Now all these little details can be explained away with a it was all a dream or indoctrination attempt or just plain bad writing.

Its amazing how contrasting the end is to the bulk of the game and its so contrasting it just drowns out the rest. The despair level is extreme (Most likely dead protagonist, magic teleporting team member stranded on unknown world, galaxy sent back to local systems era, massive population die offs, leadership stuck on earth, and possible genocide of peaceful synthetics that you just made peace with possibly)

Also two races stuck in earth system can’t eat earth grown food.

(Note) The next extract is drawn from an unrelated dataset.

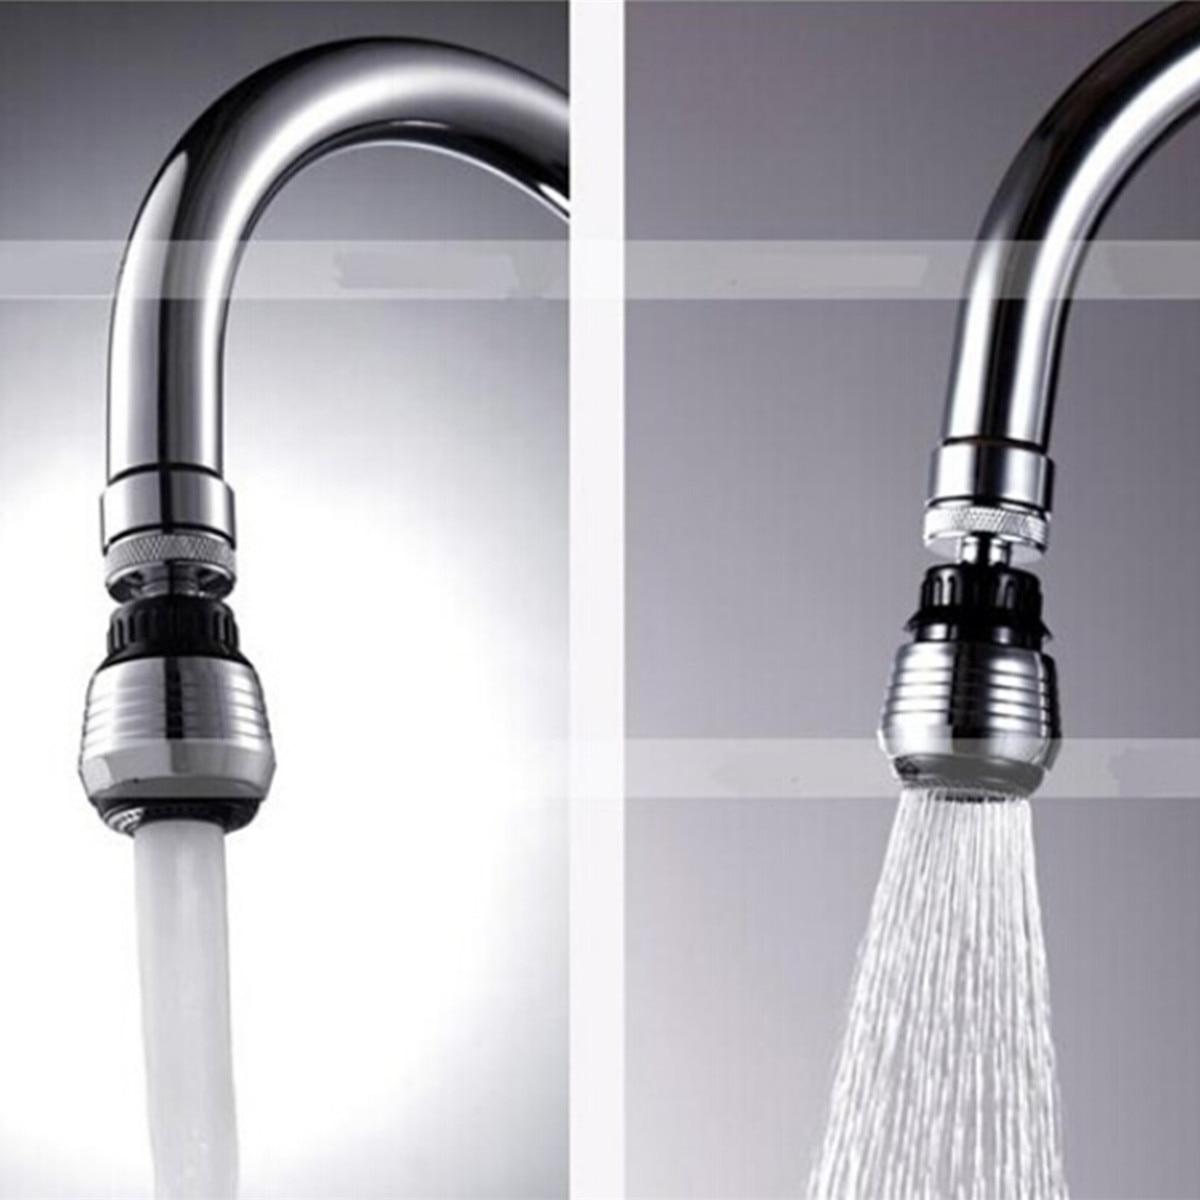 Kitchen Faucet Swivel Aerator Online Get Cheap Kitchen Faucet Aerator Aliexpresscom Alibaba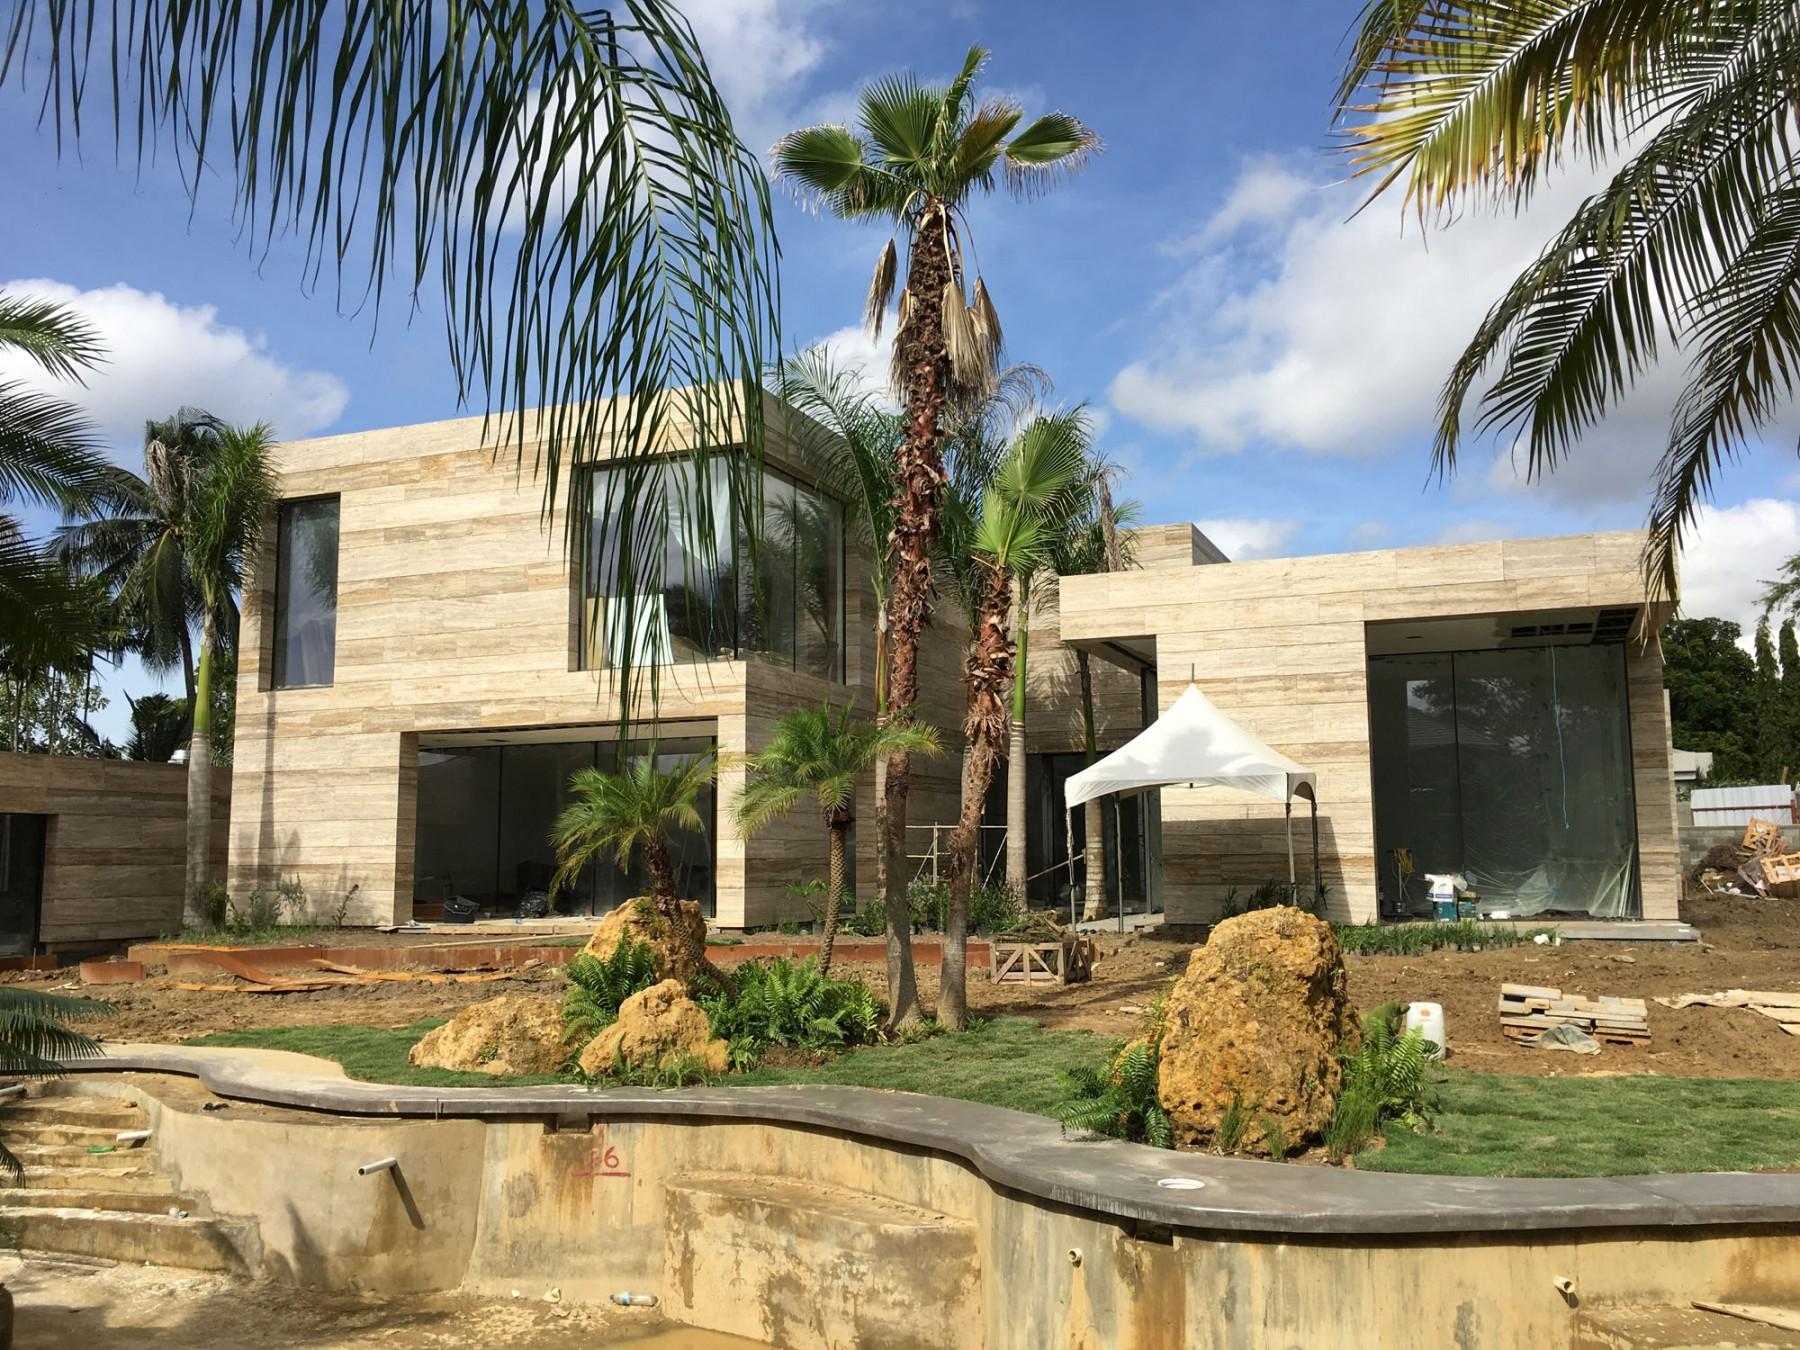 Family-house-port-of-spain-trinidad-jamie-fobert-architects-travertine-construction-lagoon

Then if your do a new game plus or imported ME2 savefile you get the “it was all a story” exposition at the very end. Then it says to wait for DLC…

John Bowman

On March 16, 2012 at 1:34 pm

Good article and interesting. ME3 is an amazing game so far (not finished yet).

It’s a shame about these zero-bombing campaigns since no longer can I get an objective opinion from “users”, it’s basically corrupted by disengenuous, intolerant and largely immature kids (I assume they are mainly <21 years old).

My theory is that these so called "protests" are most likely some form of herd mentality that has emerged from social networking. Nitpickers and haters seem to come out in force for the big profile games and its unsurprising there can at times be orchestration of zero-bombing such as the case with DA2, ME3 and potentially increasingly more games. This may explain why some games are targets while others are less susceptible. Bioware is an unlucky position to have a divisive, somewhat aggressive, and excessively opinionated fan base

Solution. Do not allow user scores until the game is well into release. Users have to write a review of at least 300 words – that is screened for plagiarization. Badly written reviews are disallowed. Users who plagiarize others review are immediately banned.